Data Lake as architectural strategy
Data Lake as architectural strategy comes with intension to provide capabilities that support following capabilities (TeraData, 2014):
1. Capture and store raw data
2. Low cost scalability
3. Store both structure and unstructured data
4. Transform data
5. Structure definition on demand – schema on read/demand
6. Low schema/no schema on write
8. Handle big data that includes but not limited to:
Machine and sensor data
9. Design at time of need
Data lake as architectural strategy also includes (Khanna, 2016; Rivera, 2014):
1. Provide agility and accessibility for data analysis
2. Remove data silos by consolidation
3. Allow data input in varies of format
4. Cut constraint in term of data structure and limit in schema
Data Lake as architectural destination
Data lake as architectural destination refers to it as a system or an ecosystem (Elliott, 2015; Intersog, 2016; Khanna, 2016; O’Brien, 2015; Rivera, 2014; TeraData, 2014), where an ecosystem is an ecological community/environment of multiple systems that work as a unit. Data lake is often defined as description of an Apache Hadoop ecosystem – a combination of multiple systems that closely integrated and serve same purpose (TeraData, 2014);
Data lake misconception
Data Lake does NOT has to be Hadoop, it can be built using other systems or different data store (TeraData, 2014). Data lake is often thought of an enterprise data management; but NOT really yet (Rivera, 2014). Key components that are often required from enterprise data management but are purposefully removed or limited for flexibility that includes: data quality, data lineage, and data governance (Rivera, 2014). Data Lake does NOT exist to replace data warehouse (Intersog, 2016; TeraData, 2014). Data lake is a more fluid approach in term of data write (any schema/structure) and data read (multiple schema as different users required) when compare with data warehouse (Intersog, 2016).
What is data swamp?
Data swamp is described as a data dump storage where data dump means data comes without context, Meta data nor some sort of control on the data.
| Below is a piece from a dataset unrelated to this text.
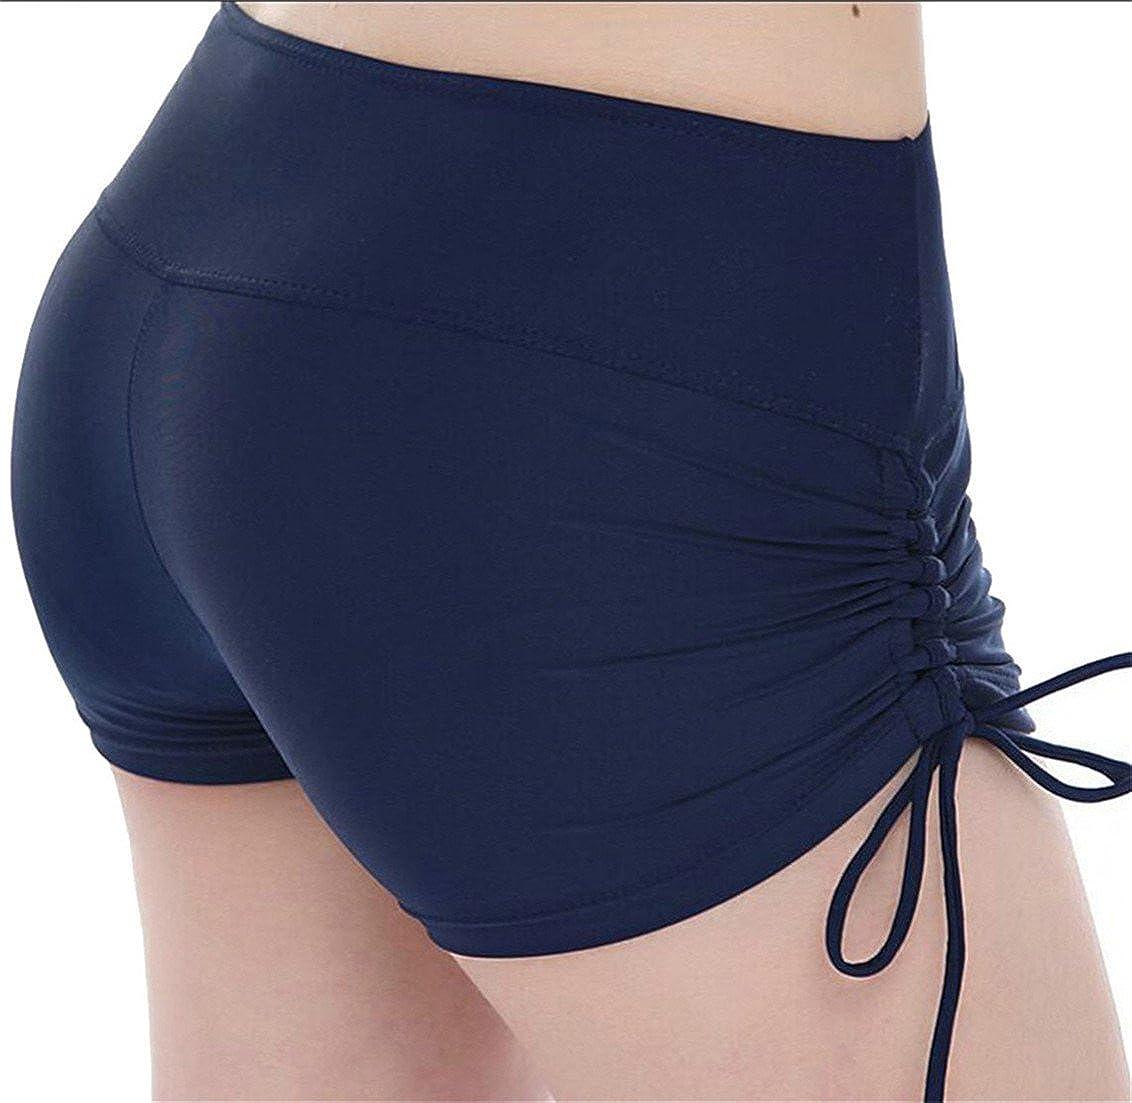 Fulok Womens Quick Dry Boardshorts Bathing Suits Swim Trunks Beach Shorts Navy Blue S

Data dump makes data useless, because the data cannot be analyzed (Intersog, 2016). Data lake has the highest chance of turning into a data swamp with 1-no sense of data governance (Rivera, 2014) and 2- without proper meta and data quality assurance (Khanna, 2016).
What is data mart?
Data mart is a staging area for data that serve particular read segment/business units (Intersog, 2016; Rouse, 2014A). Based on Rouse (2014A), data mart is often used for tactical strategy – serve immediate need, be a subset of data warehouse.
What is data warehouse?
Data warehouse is a structured repository that house a consolidation of all data of an organization; which is based on a single common framework (Intersog, 2016; Rouse, 2014A). Data warehouse is used to serve entire population of enterprise users using single/common schema (Rouse, 2014A). Data warehouse comes with strategies/capabilities such as (TeraData, 2014):
1. Create a single version of the truth of data from multiple source
2. Support batch job
3. Support hundreds to thousands of concurrent users who are performing reporting or analytics tasks
4. Most data access is powered by SQL
5. A highly designed, and architect system
1. High designed data store
2. Canonical form of data – schema on write
6. Serve multiple purpose
7. Used by hundreds/thousands of application
8. Scale at moderate cost
9. Clean, safe, secure data
10. Transform one use many
What is data virtualization?
According to Rouse (2014B), data virtualization is an approach to data management that allow application to retrieve and manipulate data without requiring technical details about the data – Abstraction layer for ease data access. This approach hides technical detail and provide technology/pattern/format agnostic for data access (Rouse, 2014B)
What is data cube?
Data cube is data broken down into data dimension, where each dimension = table/source that are join/connected at a reference point – to increase detail of data (Intersog, 2016). Data cube is often used for data report and presentation which allow business consultant to easily add details to data composition and get a holistic picture of a subject/object.
What is data stream?
Data stream is a data pipeline/process/thread that move data from a source system to a destination.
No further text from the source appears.